Country data of the number of confirmed cases, recoveries, reported deaths due to COVID-19 were obtained from Worldometer (https://www.worldometers.info/coronavirus/) and WHO database (covid19.who.int). The number of tests done per country and each nation’s population was obtained from worldometer database. The age distribution of countries with the highest prevalence of COVID-19 cases was obtained from the World Factbook (https://www.cia.gov/library/publications/the-world-factbook/).

Sequence and mutational analysis
In this study, the mined 924 SARS-CoV-2 viral sequences were used to analyze the genomic variability since the index case of the COVID-19 pandemic in Africa in February 2020 to identify the frequency and spread of mutations in the African population.
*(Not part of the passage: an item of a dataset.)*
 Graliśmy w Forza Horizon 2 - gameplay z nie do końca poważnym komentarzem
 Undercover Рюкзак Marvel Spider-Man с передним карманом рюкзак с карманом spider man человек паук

The evolution of the COVID-19 outbreak with respect to the transmission in the mutational hotspots was assessed and evaluated on the GISAID web interface (https://www.epicov.org/epi3/frontend). Recurrent mutations observed were focused on as they are likely to confer viral-host structure-function relationship promoting higher transmission rate.

Determination of Testing, Fatality and Recovery Rate
The testing rate was determined for each African country as a percentage of the total test done from the country’s population. The fatality rate was determined as a percentage of total reported deaths due to COVID-19 from each country’s number of confirmed cases. The recovery rate was determined as a percentage of the number of infectious patients who recovered from all reported confirmed cases in each country.